You are viewing a plain text version of this content. The canonical link for it is here.
Posted to user@hbase.apache.org by Patrick Schless <pa...@gmail.com> on 2013/06/17 21:20:31 UTC

CopyTable

Context:
I'm working on getting replication set up, and a prerequisite for me is to
rename the table (since you have to replicate to the same name as the
source). For this, I'm testing a CopyTable strategy, since there doesn't
seem to be a good way to rename a table (please correct me if I'm wrong).

My question:
According to [1], the CopyTable job takes an argument "all.cells" which "Also
copy delete markers and uncollected deleted cells (advanced option)."

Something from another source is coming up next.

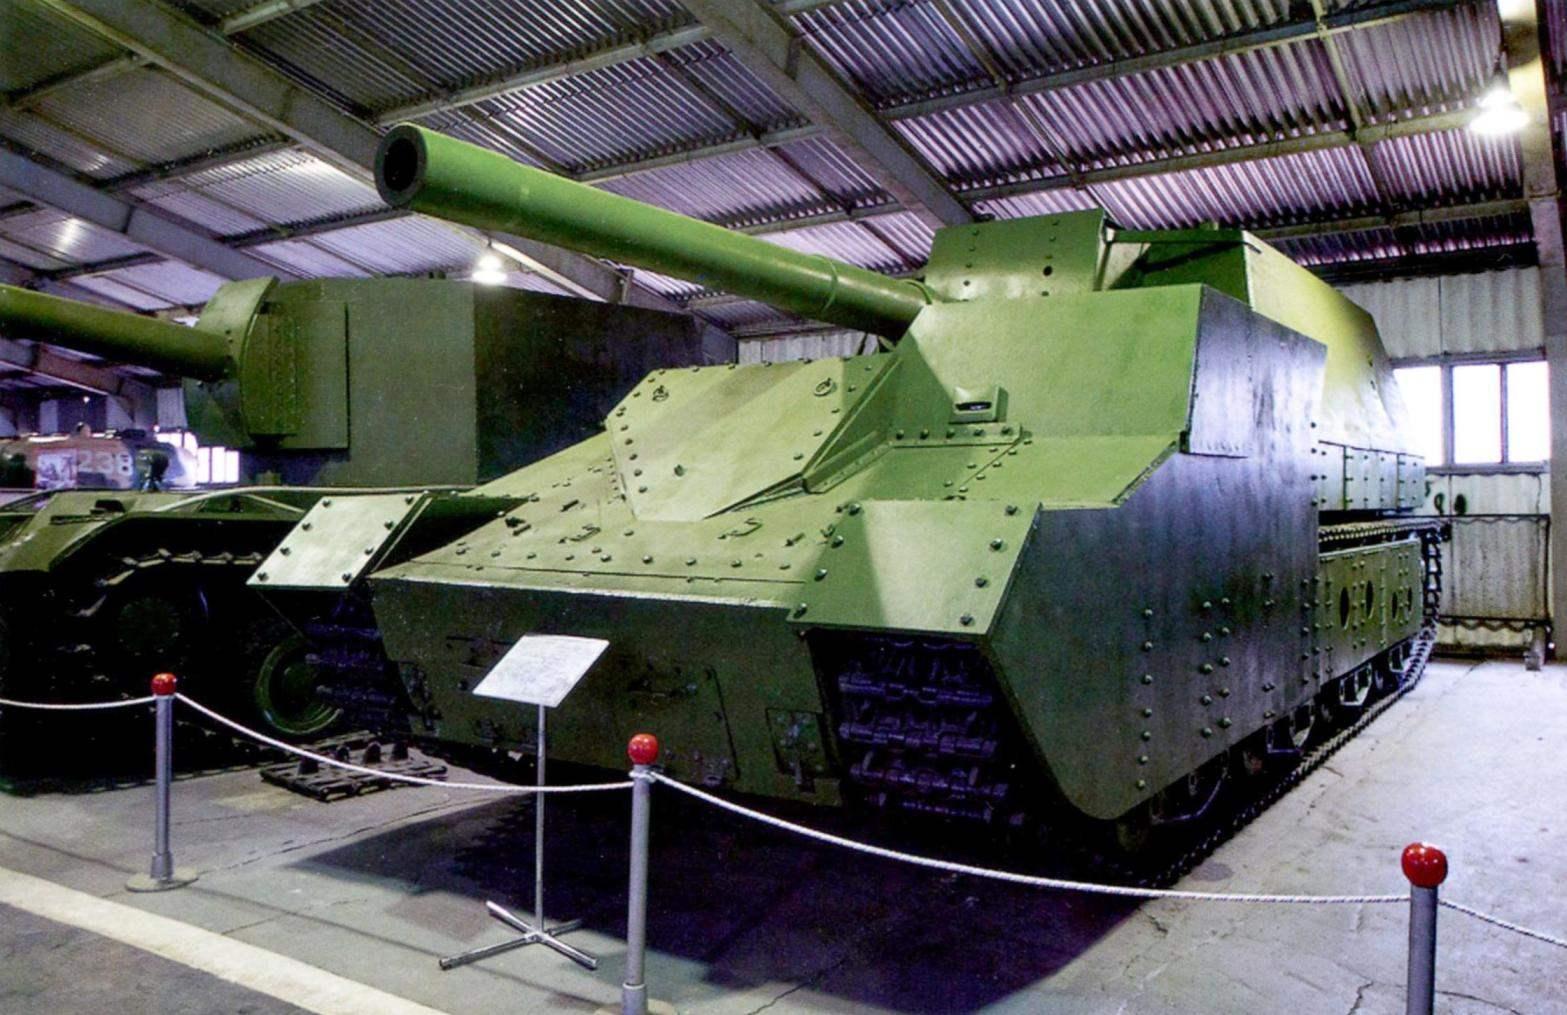 Самоходная 152,4-мм установка СУ-14Бр-2 с закрытой броневой рубкой. Военноисторический музей бронетанкового вооружения в подмосковной Кубинке
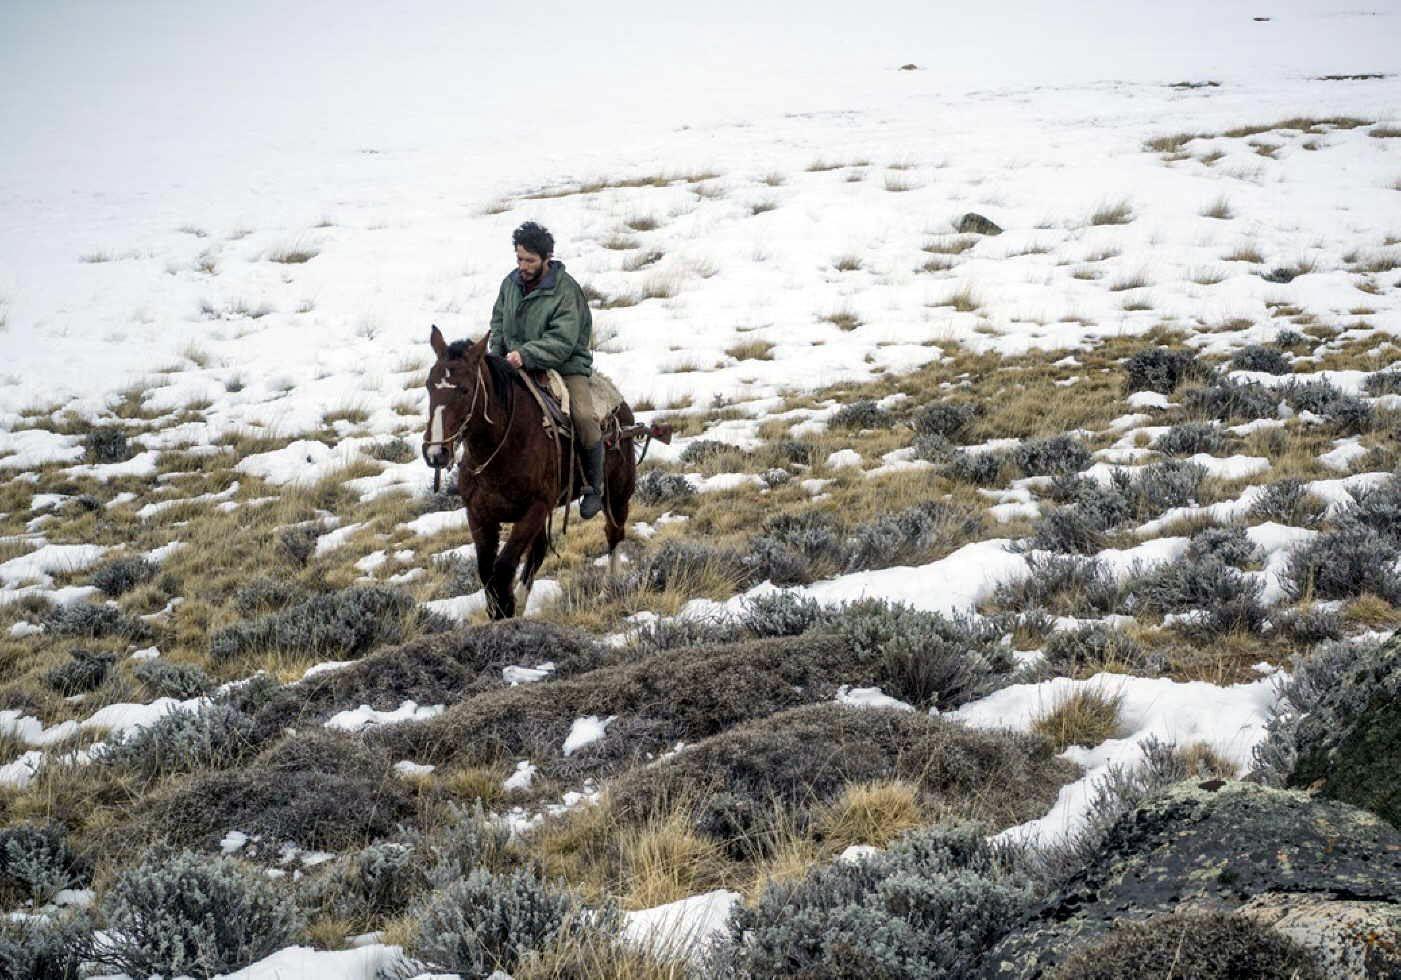 Fundación CajaCanarias presenta El Invierno

I'm confused by the "advanced option" bit. When would you not want to copy
deletes over to a new table? Without that, it seems like you could end up
with more data than you were expecting in the target table.

Any info would be helpful.

Thanks,
Patrick


[1] http://hbase.apache.org/book/ops_mgt.html#copytable

Re: CopyTable

Posted by Asaf Mesika <as...@gmail.com>.
Did you guys thought about adding coprocessors hooks to the replication,
like preReplicateLogEntries, or something like that? I mean, in his case,
perhaps utilizing it could have changed the table name before running
through the replication process at the sink RS.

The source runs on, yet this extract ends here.